Altri vengono lasciati partire per la Siria dove vanno a ingrossare la componente più radicale della ribellione. È il caso di Abu al Khayr al Masri. Egiziano, sposa un’altra figlia di Abdullah, e incontra la morte nel 2017. È di nuovo un drone americano a chiudere il cerchio. Stesso epilogo per Khalid al Aruri. Origine palestinese, dopo un periodo in Iran riappare sul fronte siriano e fa parte del gruppuscolo Hurras al Din: è dilaniato da un missile a lame rotanti nella regione di Idlib, nel giugno di quest’anno.
osama bin laden
Non è un momento facile per il movimento fondato da bin Laden.
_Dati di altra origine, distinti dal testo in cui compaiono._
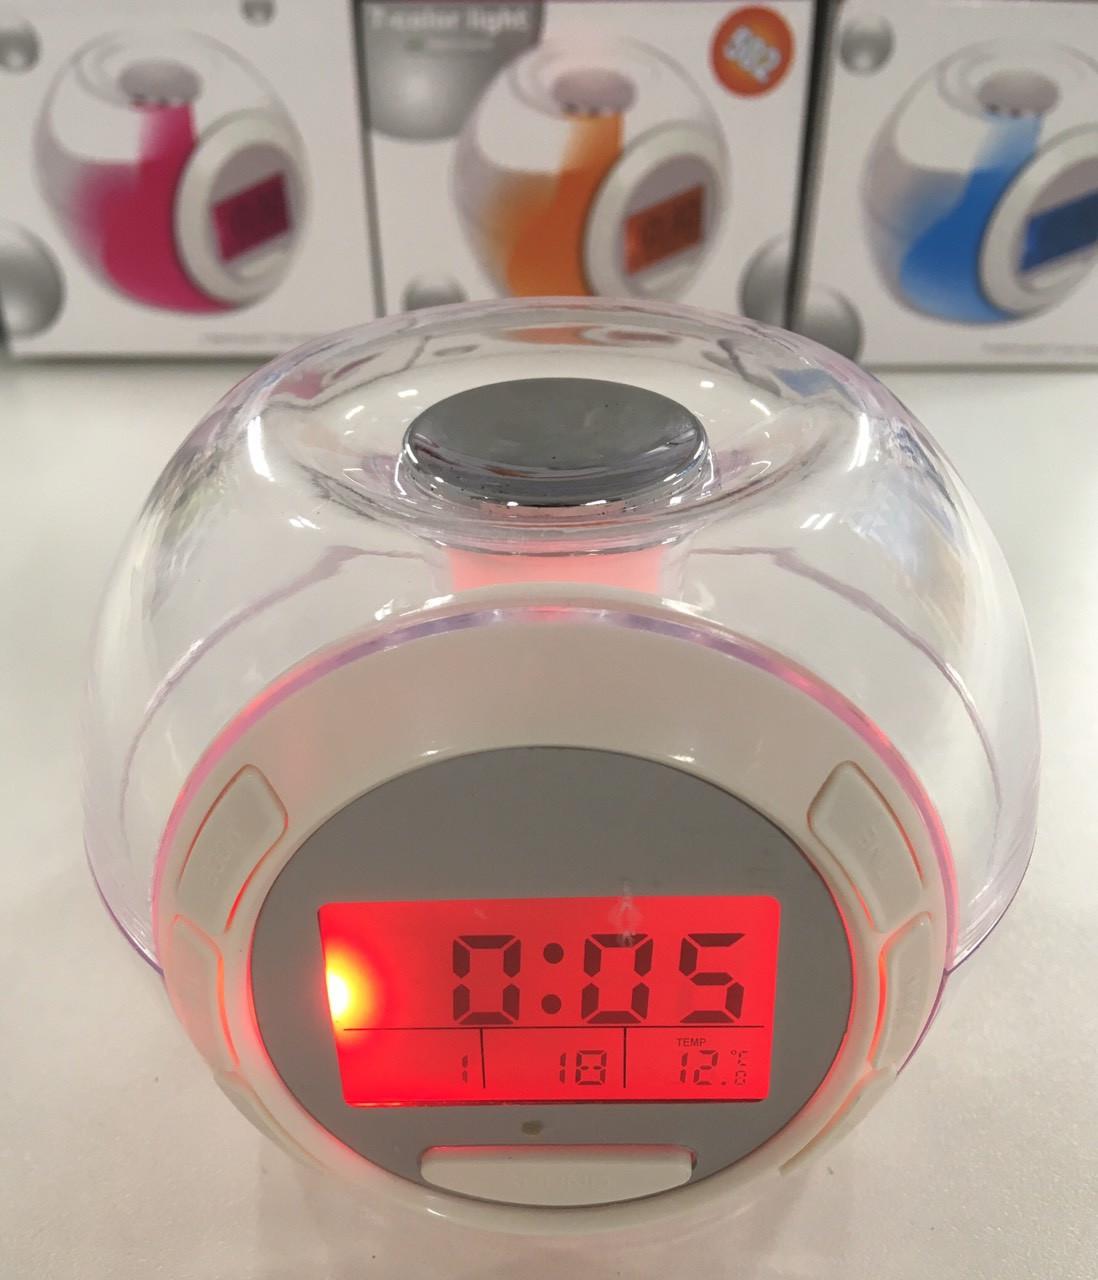 Светящиеся часы будильник Хамелеон 7 color light 502 с RGB подсветкой (AMC)
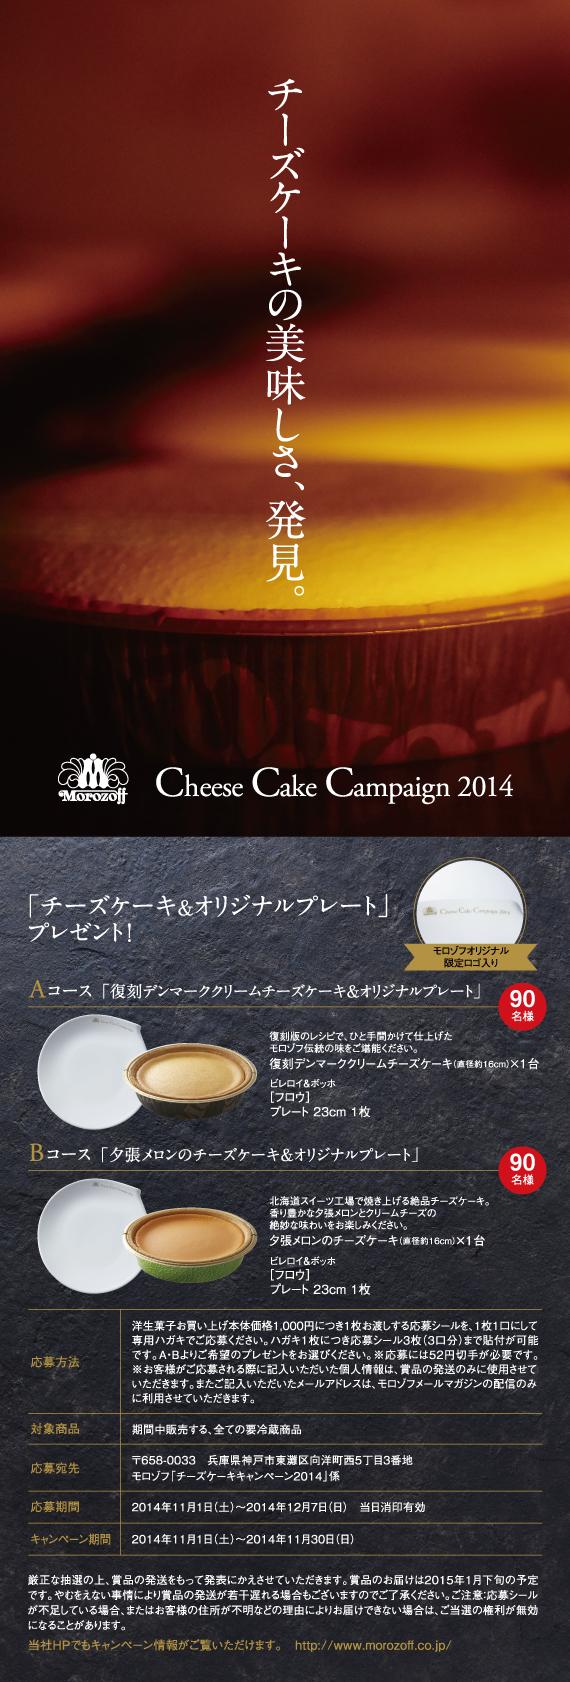 141024_チーズケーキキャンペーン_ティザー.jpg

Venerdì l’esperto Hassan Hassan ha rilanciato la notizia del possibile decesso per malattia di Ayman al Zawahiri, l’attuale numero uno. Decesso avvenuto nel suo rifugio, sconosciuto. Un’informazione difficile da verificare arrivata da ambienti jihadisti siriani, quelli di Hurras al Din. Il medico egiziano, 69 anni, alla guida della fazione, è stato segnalato in città pachistane, nell’area tribale e in Afghanistan, sotto la protezione dei talebani. Su di lui una taglia di 25 milioni di dollari. Meno appariscente rispetto al predecessore, ha cercato di portare avanti la linea stretto tra la sfida concorrente dello Stato Islamico e la caccia degli Stati Uniti. Numerosi collaboratori, come Abdullah, sono stati spazzati via da omicidi mirati che hanno lasciato vuoti sensibili ma non hanno fermato l’idea.